During the pandemic, the team found that social media use was not linked to poorer flourishing, likely because it was one of the few ways youth could stay connected. Post-pandemic, the picture changed.
"The issue isn't social media itself," Clayborne says. "It's when use becomes addictive or displaces other important activities such as being active, reading for fun or spending time with friends."
This year, the All Our Families cohort is collecting new data on AI use and climate-related stress. These are areas where Clayborne says there is little existing longitudinal evidence.
"Understanding how they shape well-being is key if we want to respond effectively."
From research to real-world impact
Clayborne is also working with UCalgary professor Dr. Suzanne Tough, principal investigator of All Our Families, to adapt a resilience and flourishing workbook for children and youth. The original workbook, focused on adults, has seen strong uptake in the community and is freely available through public libraries and online.
"We have been energized by the response of the community to learning about evidence based, low cost, practical ways to enhance resilience and enable flourishing," says Tough, BSc'83, MSc'87, PhD, a member of the O'Brien Institute and Owerko Centre.
"We know life brings challenges. When we have a few strategies we can manage our stress and make better decisions when something unexpected or disruptive happens."
The youth-focused version aims to translate research evidence into practical tools that families, schools and community organizations can use.
"Research tells us a lot about what supports well-being, but it doesn't always turn that knowledge into something people can use," Clayborne says. "This kind of applied work helps bridge that gap."
Whose voices are reflected
A core principle of the FAIR Lab is ensuring that youth from diverse backgrounds are represented in research.
"Flourishing doesn't look the same for everyone," Clayborne says. "If we only listen to a narrow group of voices, we risk designing policies and programs that don't reflect young people's real lives."
Clayborne says her own experiences growing up in Calgary as a first-generation Canadian and a visible minority have shaped how she approaches her work, particularly her attention to belonging, opportunity and access to support. During Black History Month, she says, it's important to recognize how lived experience can inform public health research, without becoming a tokenized focus.

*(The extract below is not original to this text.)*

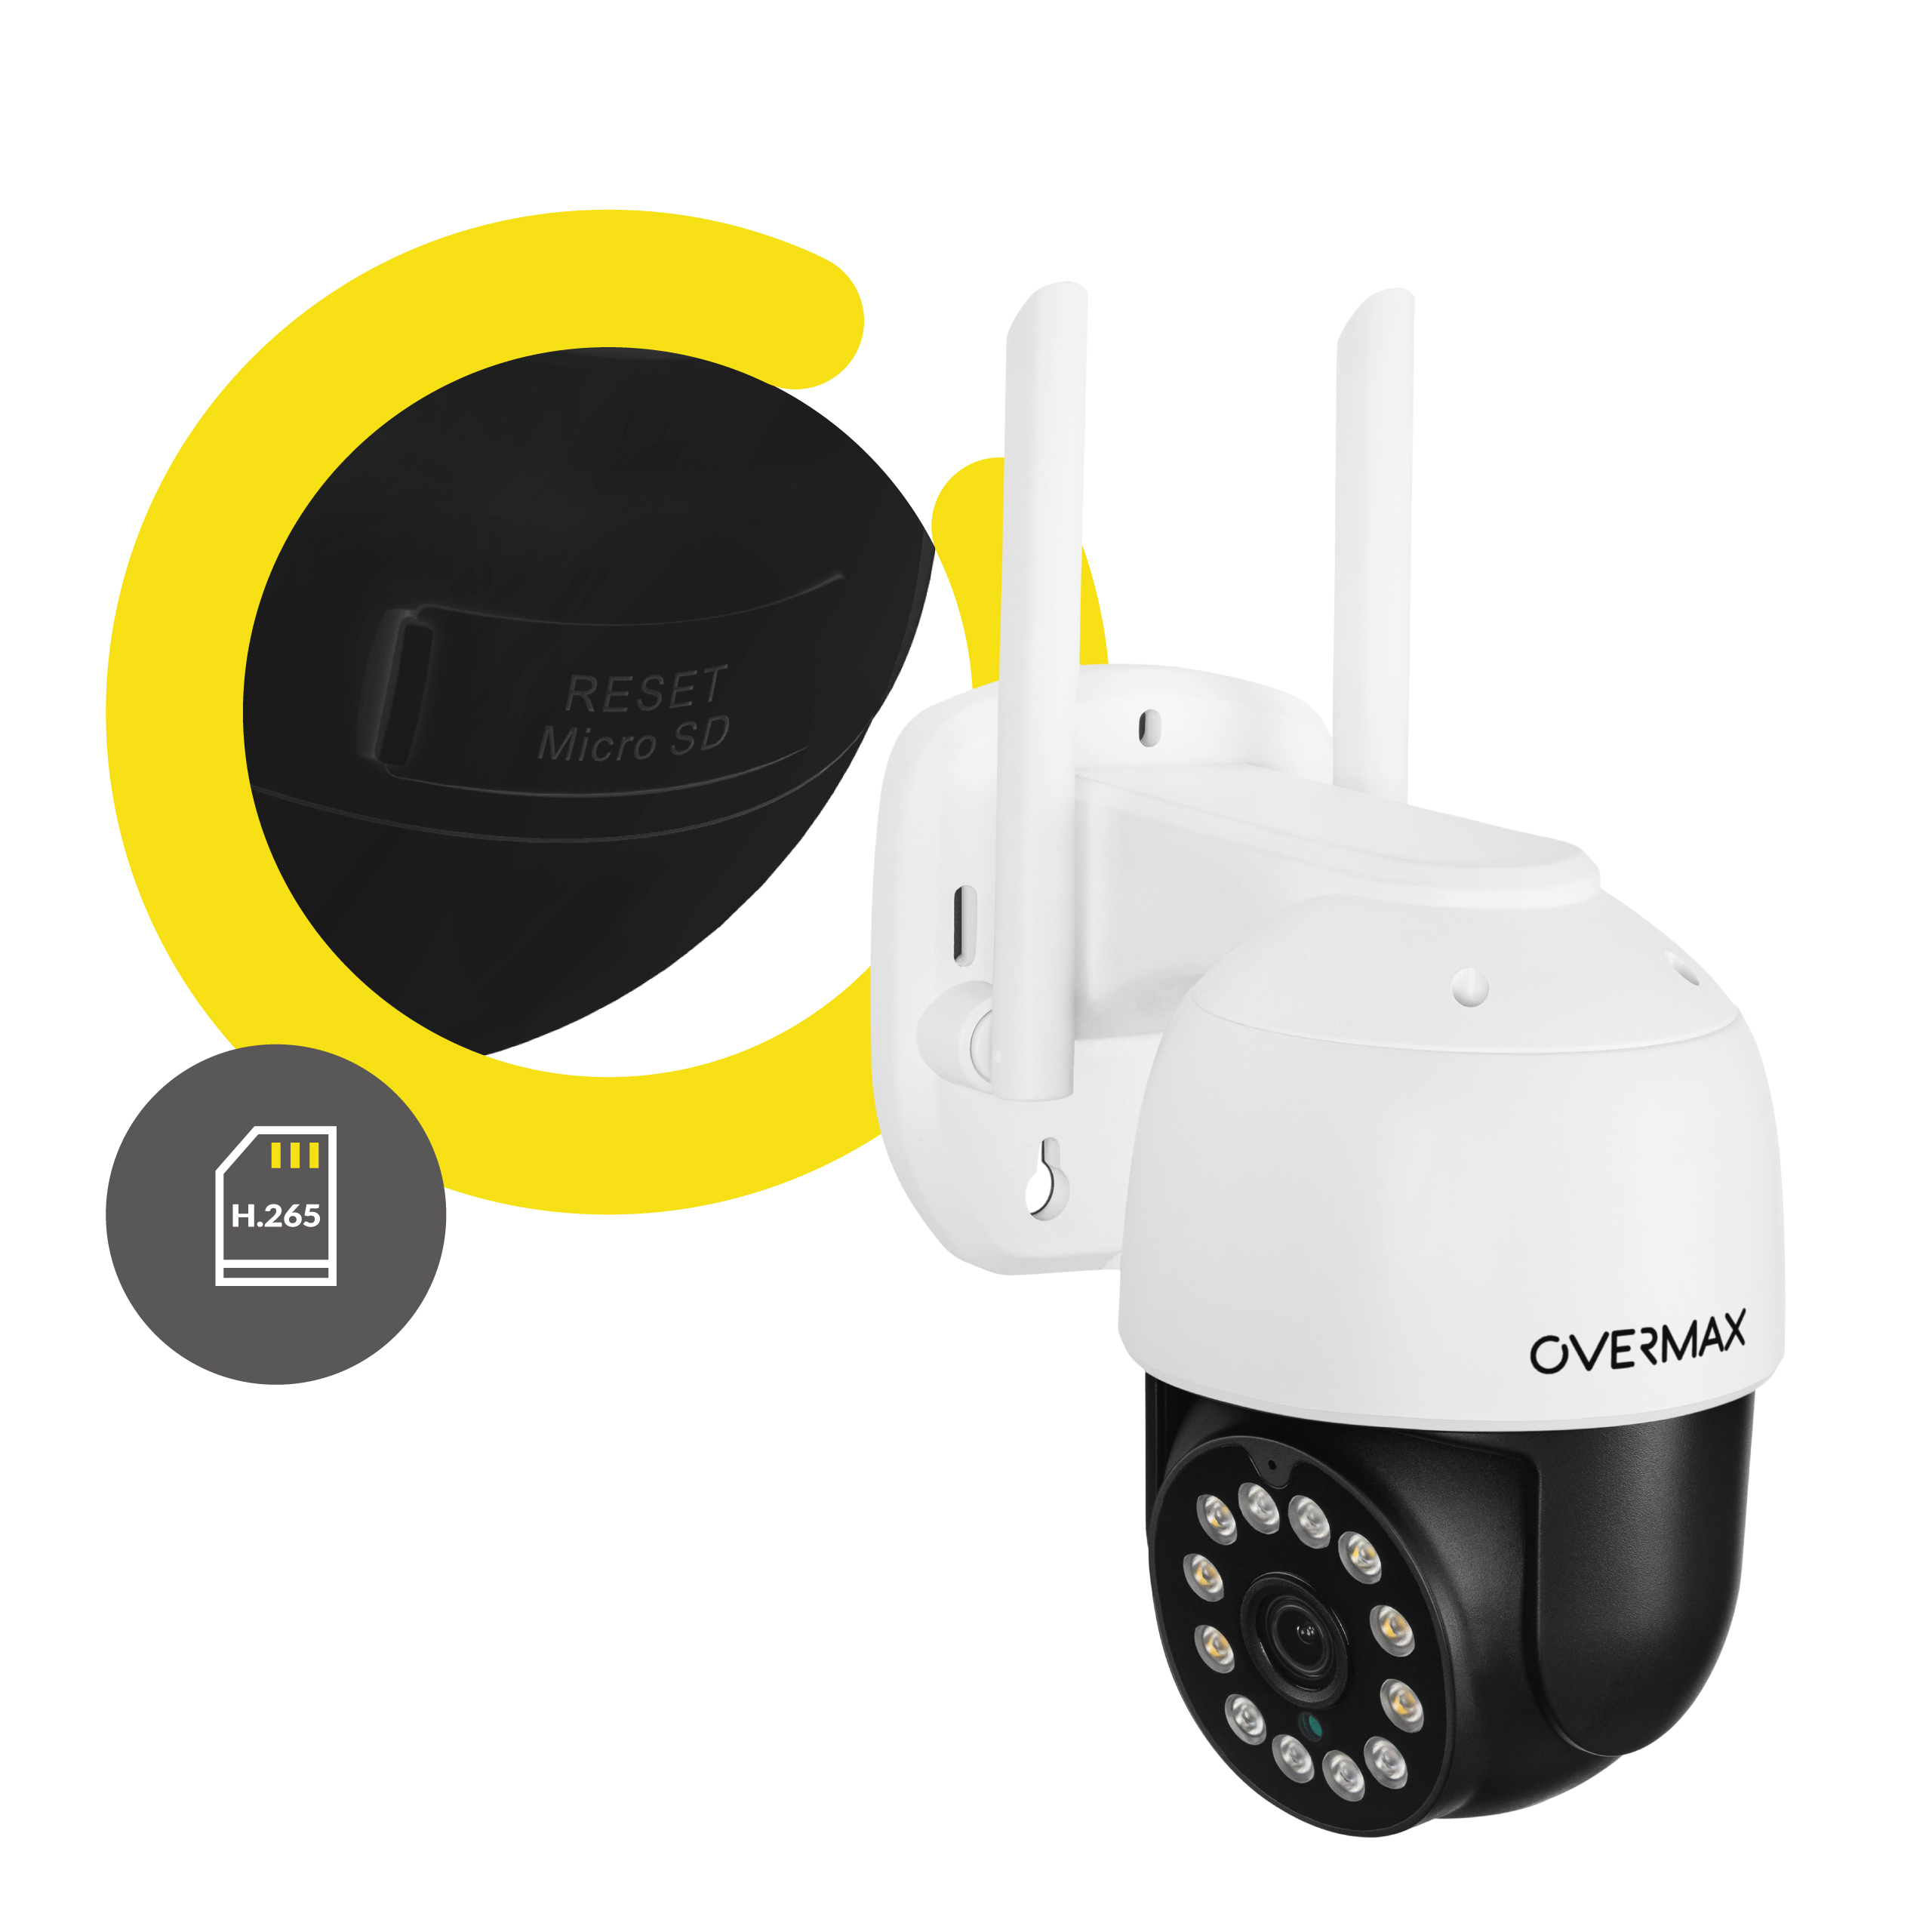 OVERMAX CAMSPOT WHITE, 2560 Auflösung x pixels 4.95 Kamera, 1440 IP Video

"My background has influenced the questions I ask and whose experiences I prioritize," she says. "Public health research is strongest when it reflects the full diversity of the communities it aims to serve."
A broader shift in thinking
If readers take one message from her work, Clayborne hopes it's this: youth are more than a collection of risks or outcomes.
"Flourishing asks us to look at whether young people feel seen, supported and hopeful," she says.
"Supporting well-being means strengthening the environments they grow up in, not just reacting when something goes wrong."
Dr. Zahra Clayborne is an assistant professor in the departments of Community Health Sciences and Pediatrics at the Cumming School of Medicine. She is a member of the O'Brien Institute for Public Health, the Owerko Centre at the Alberta Children's Hospital Research Institute, and the Mathison Centre for Mental Health Research and Education at the Hotchkiss Brain Institute.
Dr. Suzanne Tough is also a professor in the departments of Pediatrics and Community Health Sciences and a member of the O'Brien Institute and Owerko Centre.